Означает ли это, что все монографии оказались особенно суровы к творчеству авторов, которым были посвящены? Да нет же, просто в эту эпоху искусство уже потеряло всю свою привлекательность, а ученые и знатоки занимались не картинами или книгами, а теми, кто их создал, их жизнью.

А что означает жизнь в эпоху прокуроров?

Долгая череда фактов, призванных вскрыть Вину, скрытую под обманчивой видимостью.

Чтобы обнаружить эту сокрытую Вину, автору монографии необходим талант детектива и шпионская сеть. А чтобы не утратить высокого научного статуса, нужно внизу страницы приводить имена доносчиков, потому что именно так с научной точки зрения сплетни превращаются в истину.

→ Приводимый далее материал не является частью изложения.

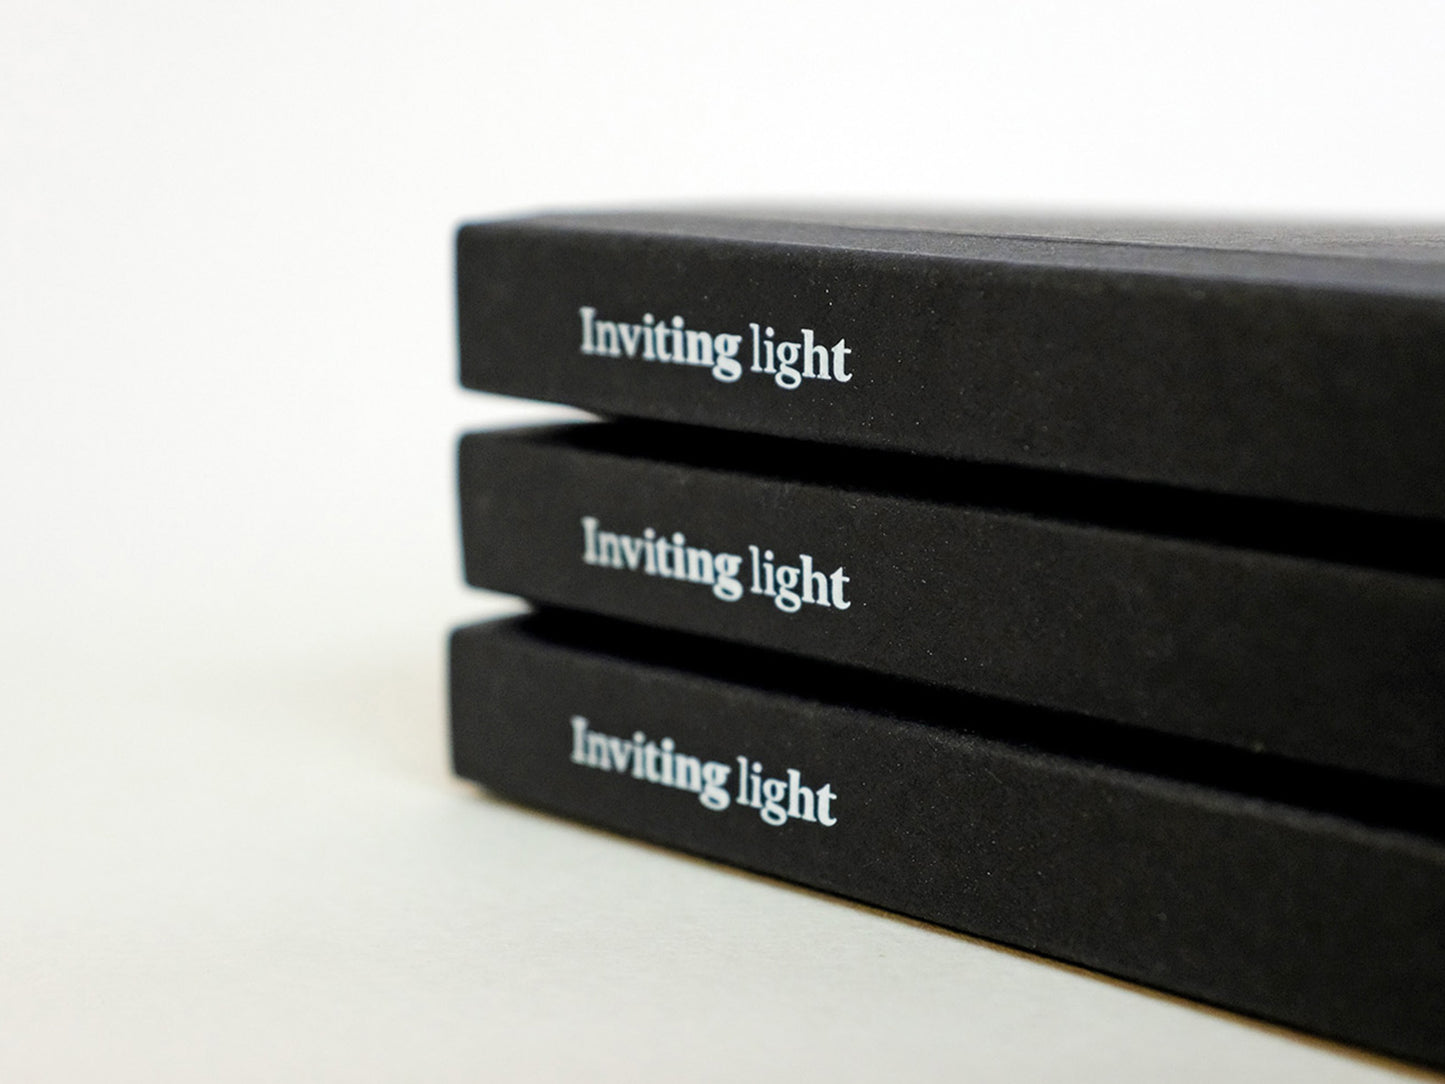 Inviting Light by Mark Luke Grant

Я открываю огромный, восьмисотстраничный, том, посвященный Бертольду Брехту Автор, профессор кафедры сравнительной литературы Университета Мэриленда, в подробностях продемонстрировав всю душевную низость Брехта (скрытый гомосексуализм, эротоманию, эксплуатацию любовниц, которые и являлись настоящими авторами его пьес, симпатию к сталинизму, лживость, жадность, равнодушие), переходит наконец (глава XLV) к телесному, а именно к отвратительному запаху, который автор описывает на протяжении целого абзаца; чтобы подтвердить научную ценность этого обонятельного открытия, в сноске 43 этой главы он указывает, что «благодарит за это тщательное описание женщину, в те времена возглавлявшую фотолабораторию в „Берлинер ансамбль", Веру Теншерт», которая рассказывала ему об этом «5 июня 1985 года» (то есть через тридцать лет после того, как вонючку положили в гроб).

Ах, Бертольд, что после тебя останется?

Дурной запах, на протяжении тридцати лет хранимый верной сотрудницей, а затем подхваченный ученым, который, усилив с помощью современных методов в университетских лабораториях, отослал его в будущее, в наше тысячелетие.

Забвение Шёнберга

Через год-два после войны я, будучи подростком, встретил одну молодую еврейскую пару лет на пять старше меня, свою юность они провели в Терезине, а потом еще в одном лагере. Я чувствовал робость перед их поразительной судьбой. Но мое смущение их только раздражало: «Хватит, довольно!» — и они настойчиво давали мне понять, что жизнь там сохраняла весь свой спектр: там были и слезы, и шутки, и ужас, и нежность. Именно во имя любви к собственной жизни они сопротивлялись, когда их пытались превратить в легенду, в памятник горю, в некий документ черной книги нацизма. Впоследствии я потерял их из виду, но не забыл о том, что они пытались мне объяснить.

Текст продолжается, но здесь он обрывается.